Levrat Christian · Nationalrat · 2004-06-03
Levrat Christian · Nationalrat · Freiburg · Sozialdemokratische Fraktion · 2004-06-03
Wortprotokoll
En ce sixième mois de l'année 2004, je n'ai pas besoin de vous apprendre que la cohésion sociale et nationale de la Suisse est sérieusement entamée. Certains tentent depuis plusieurs mois de dresser les différents groupes sociaux de ce pays les uns contre les autres: jeunes contre vieux, habitants des régions périphériques contre ceux des centres urbains, cantons contre Confédération, et j'en passe. Nous connaissons aujourd'hui le résultat de cette politique: en six mois, le Conseil fédéral et la majorité de ce Parlement ont perdu six fois devant le peuple et les cantons.
Ni la population, ni les cantons ne veulent d'une Confédération qui ne se soucie bientôt plus que de ses finances, et pour laquelle les restrictions budgétaires prévalent désormais sur toute autre considération politique. Le 16 mai dernier, la population et les cantons n'ont pas voulu de coupe dans les prestations de la première des assurances sociales. Ils n'ont pas voulu non plus de cadeaux fiscaux, d'une part, réservés aux catégories les plus aisées de la population et, d'autre part, grevant les capacités financières et d'action des cantons et de la Confédération.

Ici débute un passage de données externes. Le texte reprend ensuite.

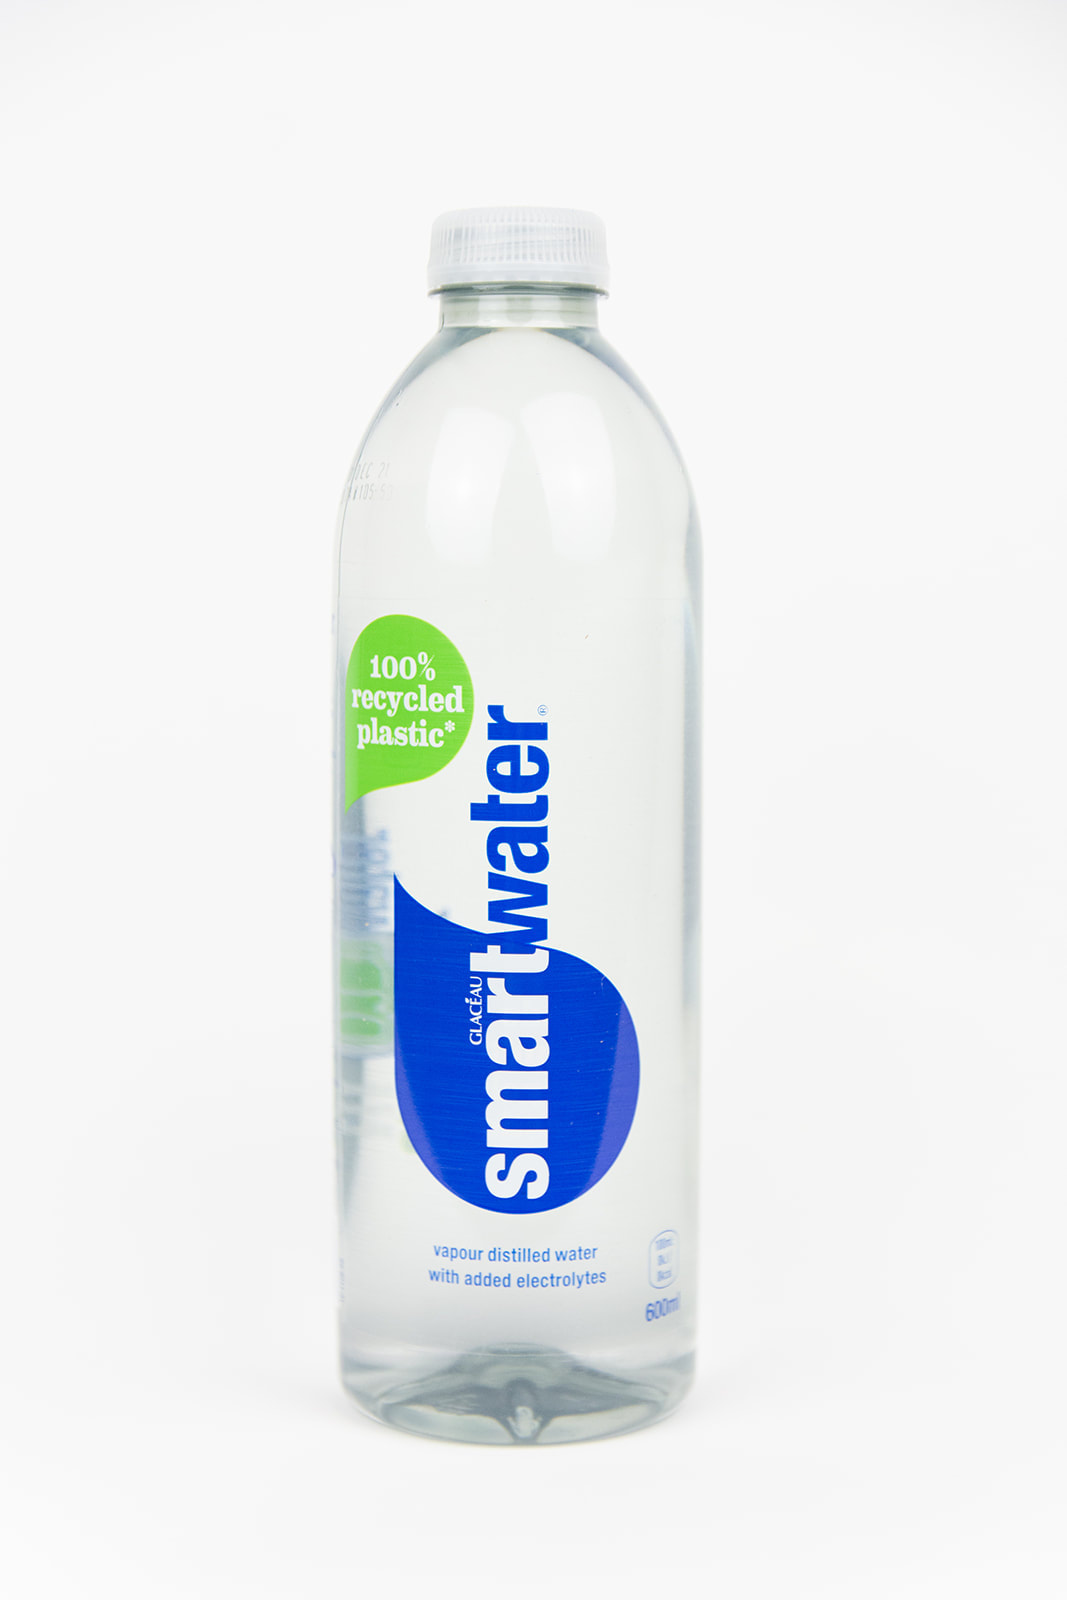 Commercial Product Photography Ireland | Product Photo of bottle of water

Ces refus, ces échecs, constituent des signaux que la majorité de ce Parlement ne saurait ignorer. C'est pourquoi, au nom de la minorité IV, je vous demande de renforcer l'importance accordée à la cohésion sociale et nationale du pays dans les orientations politiques majeures de la Confédération. Nous prouverions ainsi que nous savons tirer au moins une part des conséquences des six premiers mois du nouveau gouvernement issu du renouvellement du 10 décembre 2003. Ce souci de cohésion s'exprime dans plusieurs propositions, malheureusement encore souvent de minorité, au fil du programme de législature.
Il nous revient, à l'alinéa 2bis dont il est question ici, de faire un pivot de l'action gouvernementale de cette cohésion sociale, de cette cohésion nationale, au même titre que la croissance, l'évolution démographique et la position de la Suisse dans le monde constituent des pivots de cette action. Il s'agira ensuite de développer et de concrétiser ce principe général aux articles 2 à 10, notamment en mettant l'accent sur la lutte contre la précarité et sur la solidarité entre les différentes régions du pays.
Lutter contre la précarité, c'est s'engager pour renforcer la cohésion sociale, c'est soutenir notamment, à l'article 2 lettre bocties, la minorité XII (Robbiani) qui engage la Confédération à "contrecarrer la précarisation du marché du travail et lutter contre les salaires trop bas". Mais c'est aussi aborder l'évolution démographique non pas en termes de stigmatisation et de culpabilisation des catégories âgées de la population, mais en termes de solidarité intergénérationnelle, comme le propose mon collègue Stéphane Rossini avec la proposition de la minorité II déposée à l'article 6. Une solidarité à laquelle la population, et notoirement les jeunes générations, a redit son adhésion le 16 mai dernier.
Lutter pour la cohésion nationale, c'est mener une politique régionale cohérente. La Confédération peut oeuvrer à réduire les inégalités entre l'axe Genève-Zurich, d'une part, et les régions périphériques, d'autre part. Il ne s'agit pas de mettre le développement des régions périphériques sous la tutelle des grands centres économiques, mais bien d'établir ou de maintenir des stratégies propres de développement pour les zones périphériques, afin de renforcer, encore une fois, la cohésion nationale entre les différentes régions et communautés de ce pays. Le maintien de services publics forts et efficaces est également un instrument déterminant de cette politique régionale. Ceci implique le renforcement du rôle de la Confédération dans les choix stratégiques des anciennes régies qu'elle contrôle encore.
Ce que nous voulons avec la proposition de la minorité IV, c'est vous inviter à penser l'action politique en termes de cohésion. Ce programme de législature et les différents objectifs qu'il comporte ou pourrait comporter, c'est donc à l'aune de sa capacité à renforcer la cohésion sociale et nationale qu'il faut l'analyser, et non à celle étriquée de la restriction systématique des moyens que l'Etat doit lui consacrer.
Je vous remercie d'adopter la proposition de la minorité IV.